--- Recorded information ---

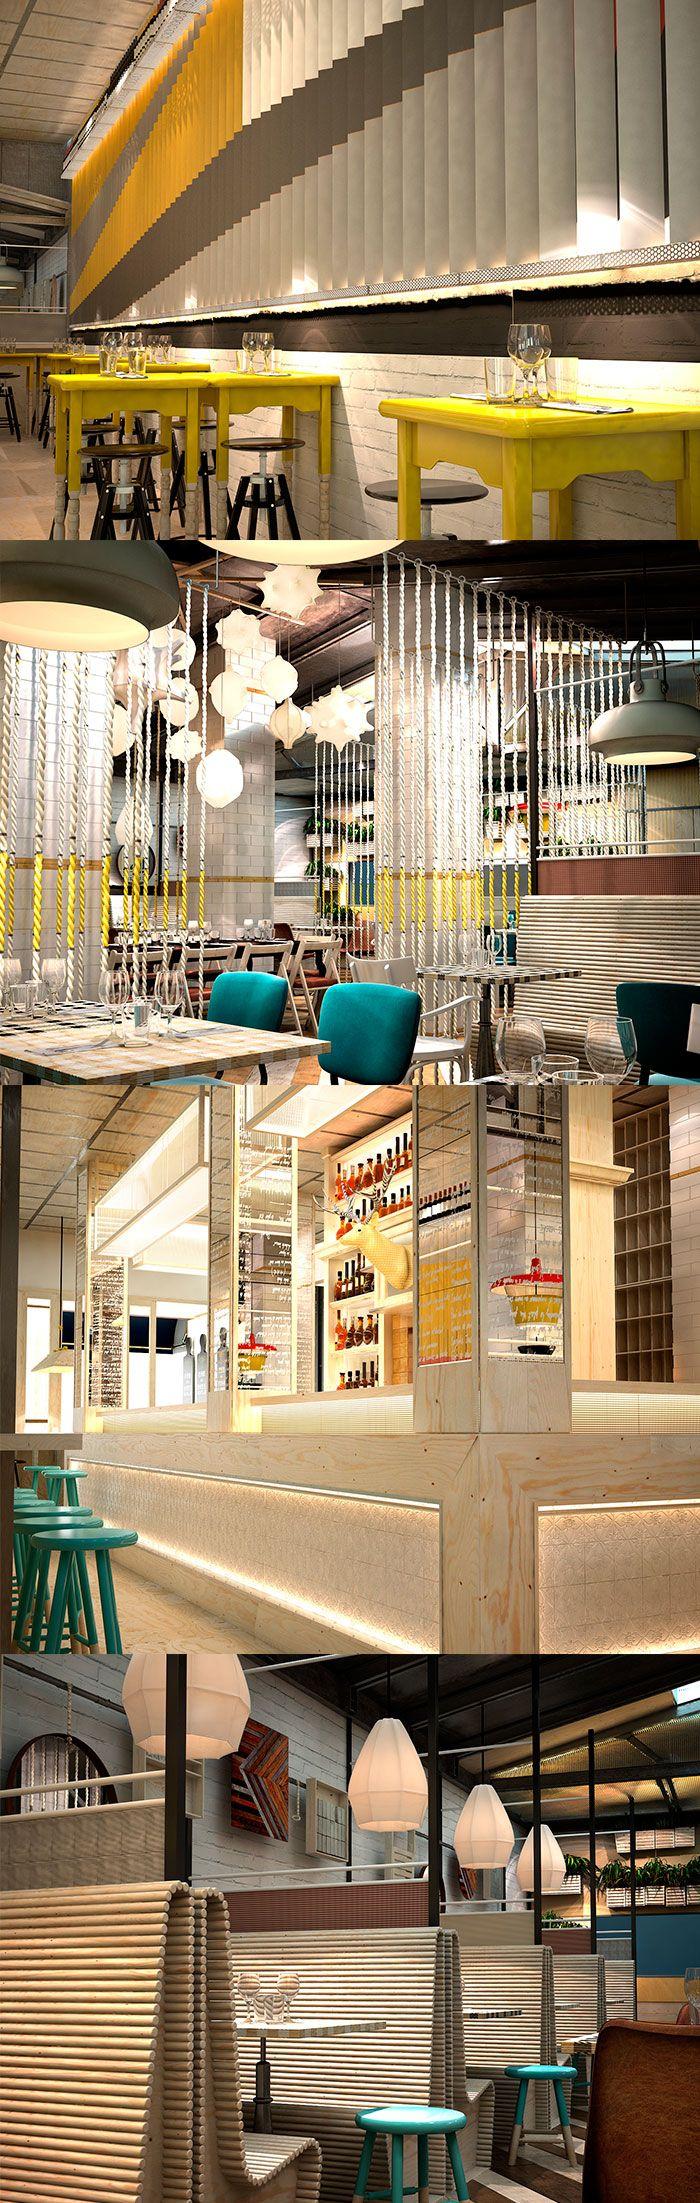 Morimoto Restaurant- a sophisticated interior design by Schoos Group
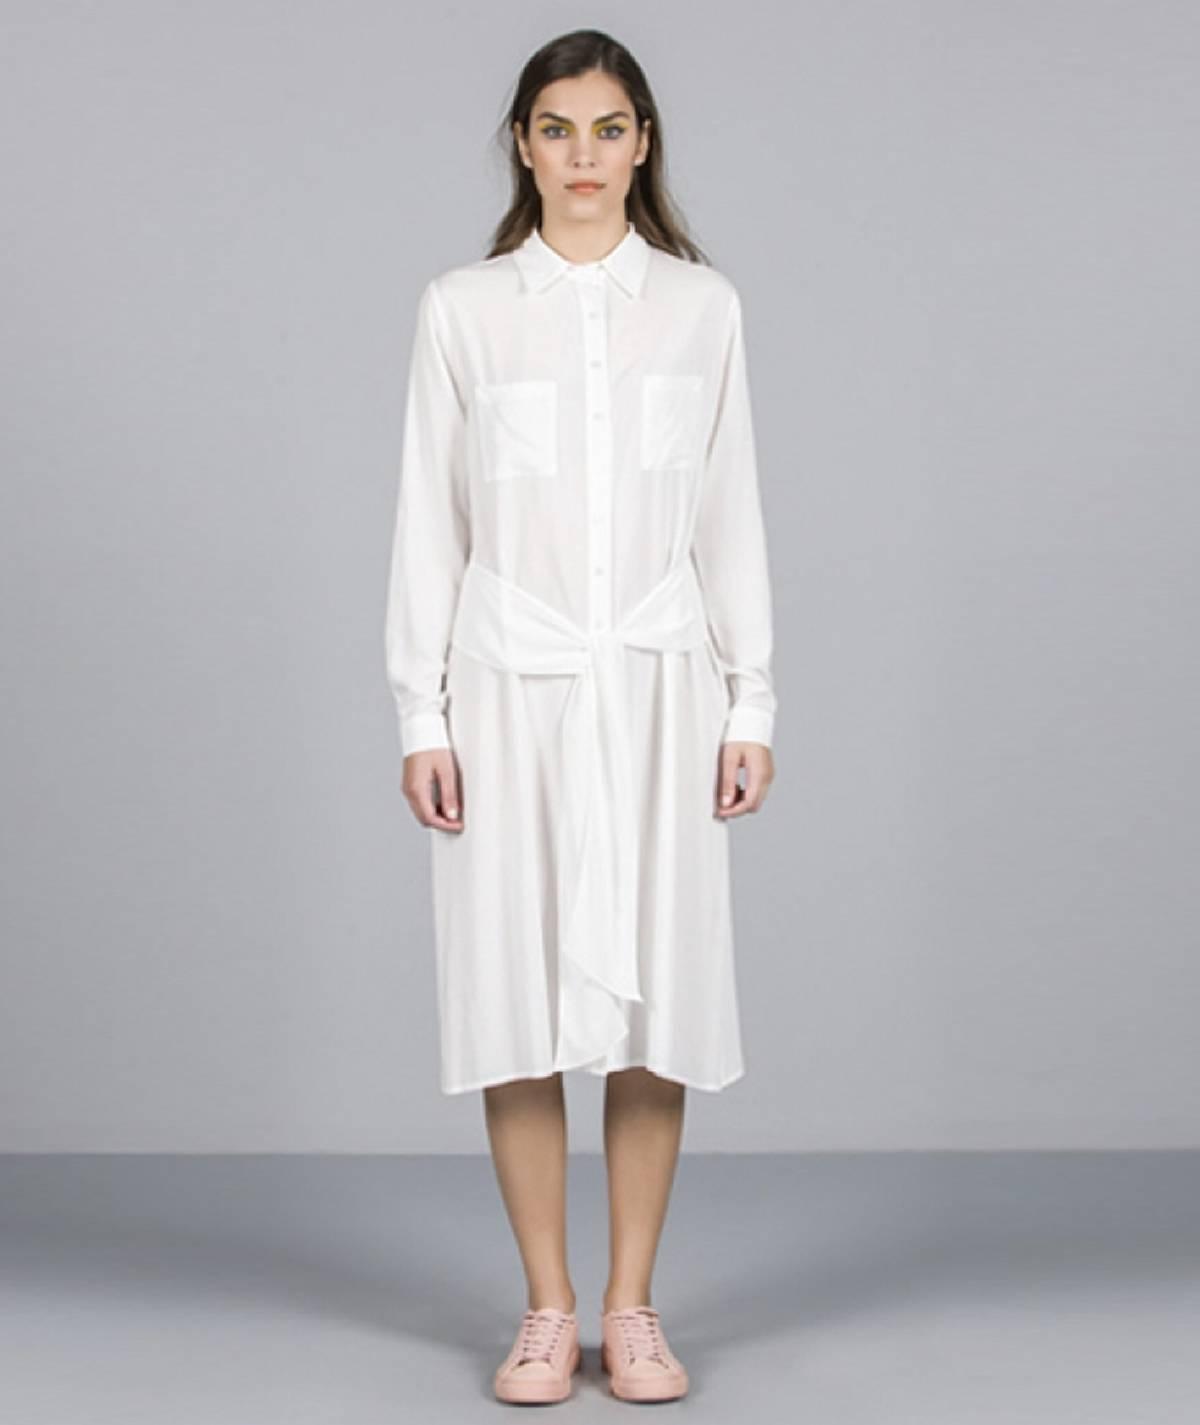 [CHIESSY] Vestido camiseiro
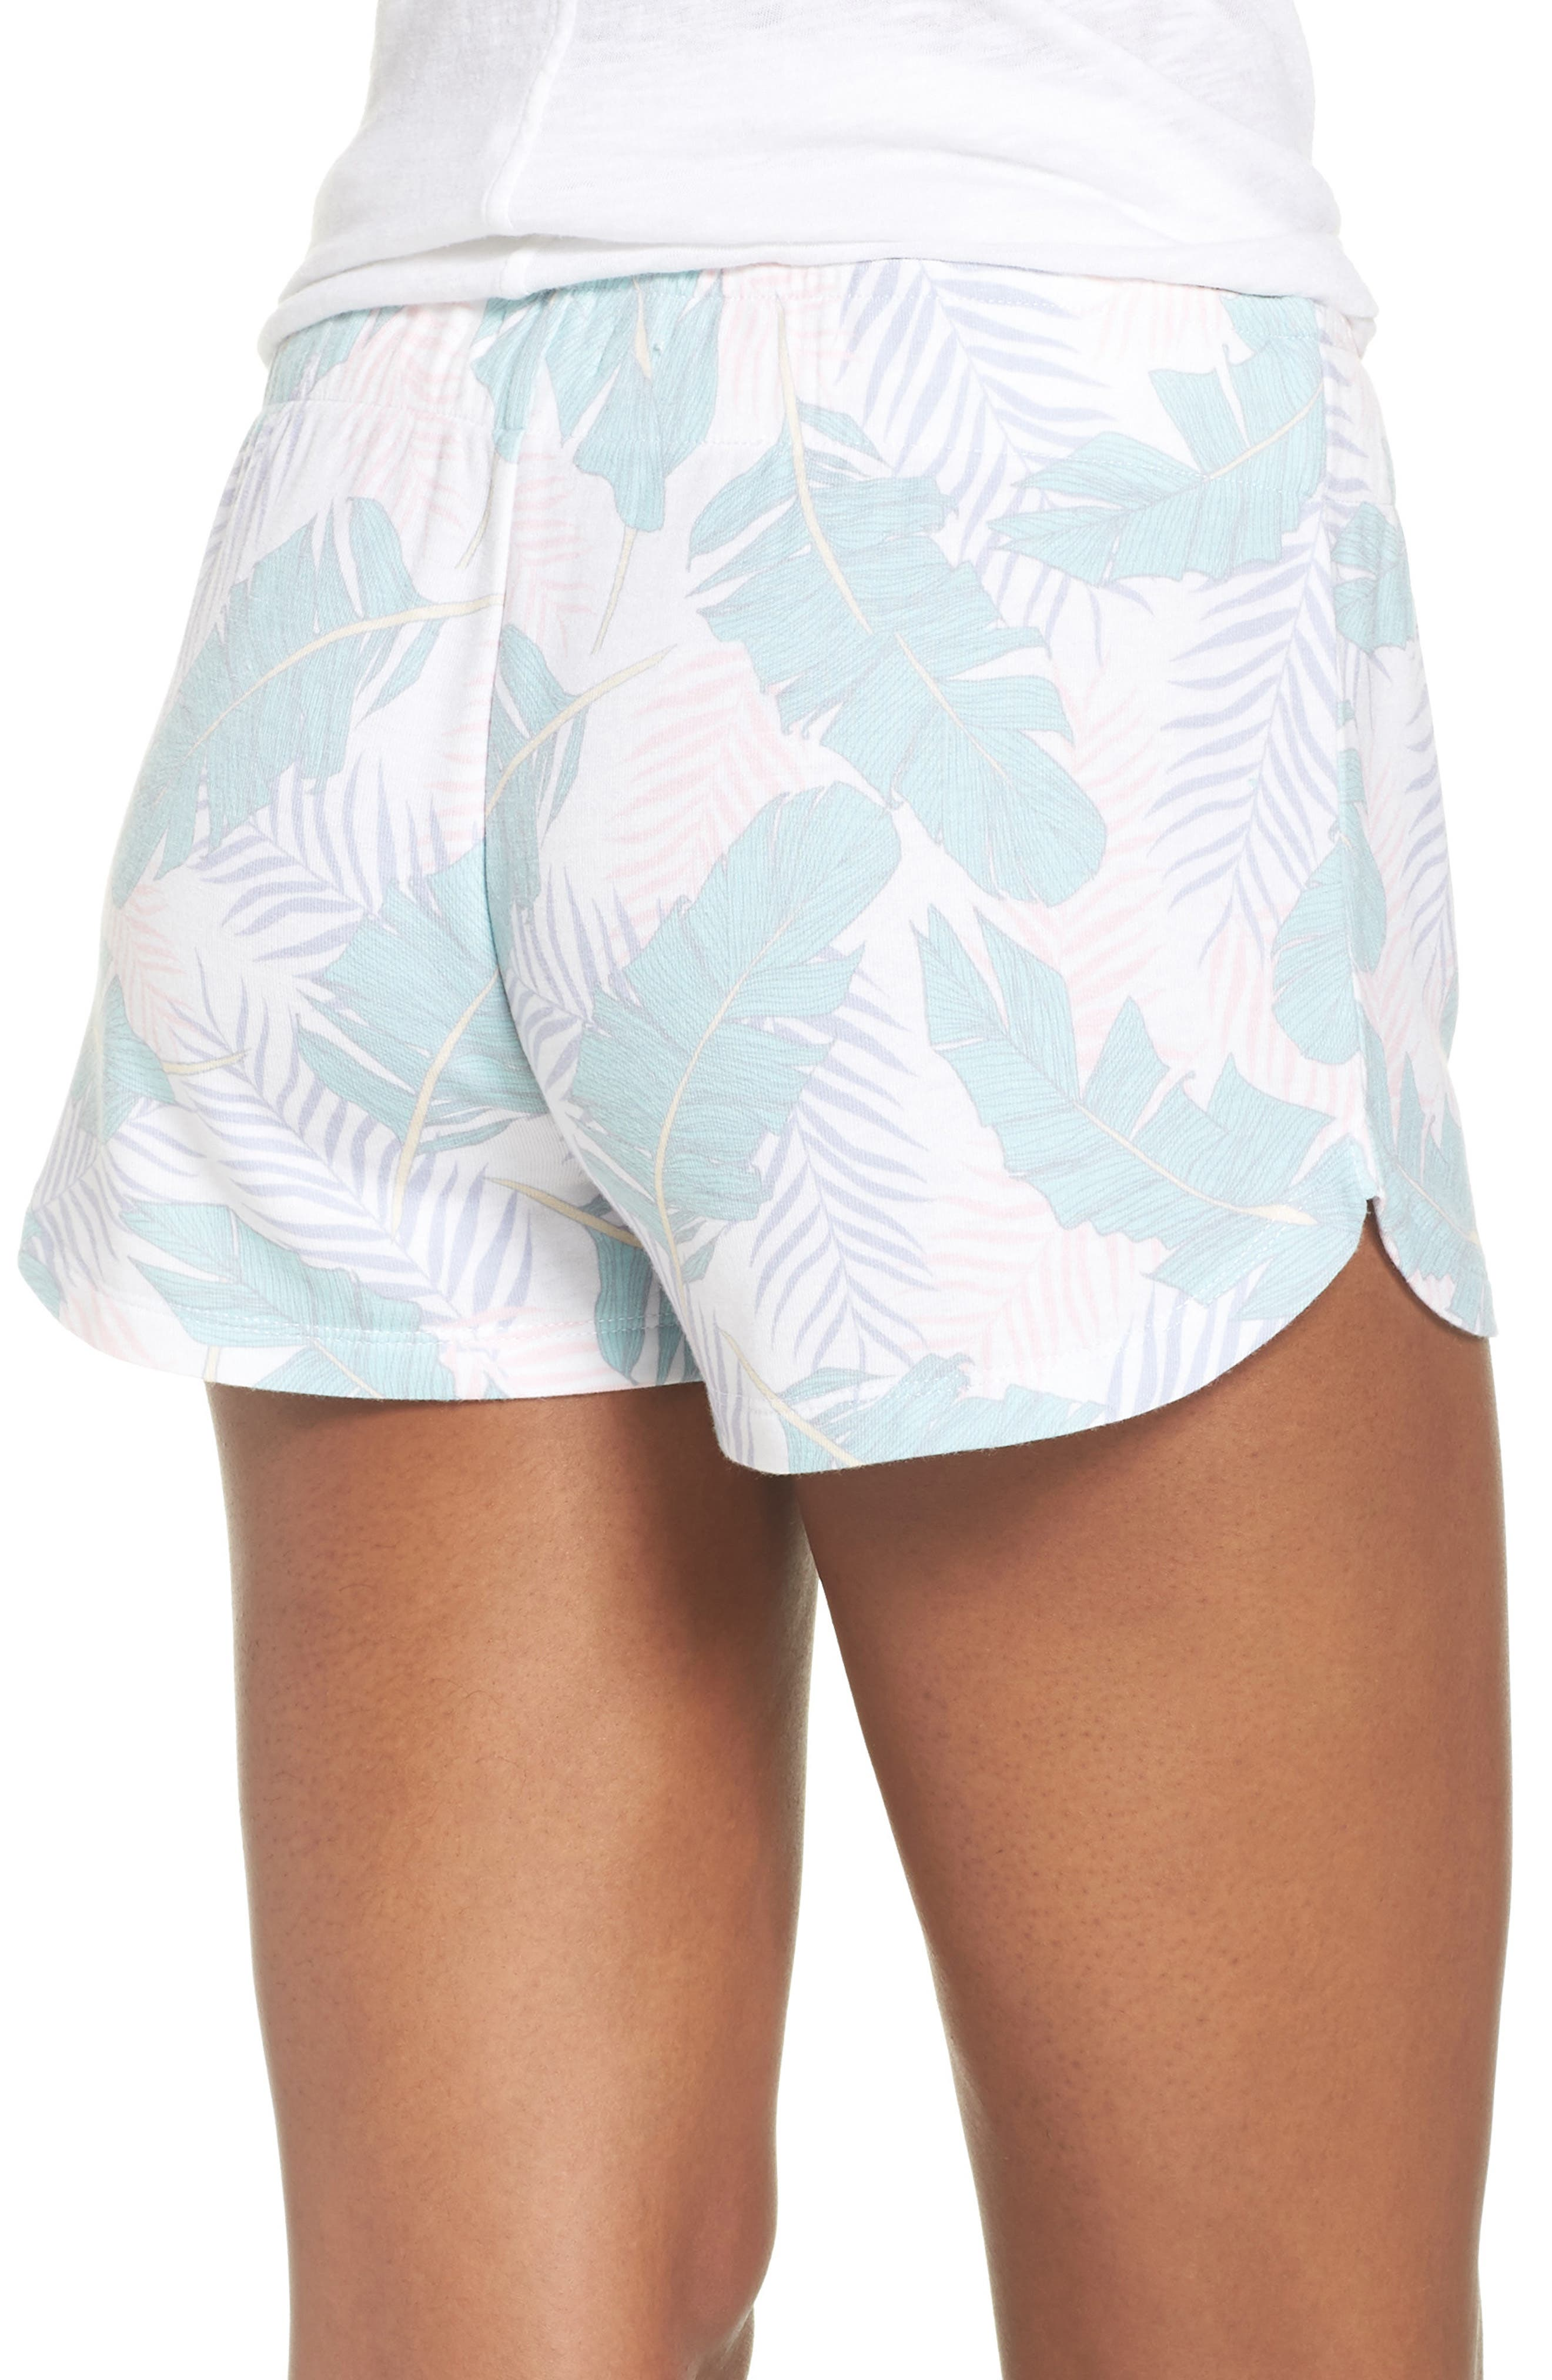 Lounge Shorts,                             Alternate thumbnail 2, color,                             100

--- What to work on ---
Nothing but the lines from the one containing "[CHIESSY] Vestido camiseiro" through the end of the listing should be written out, each exactly, and pictures must be left out.

--- Expected answer ---
 [CHIESSY] Vestido camiseiro
 Lounge Shorts,                             Alternate thumbnail 2, color,                             100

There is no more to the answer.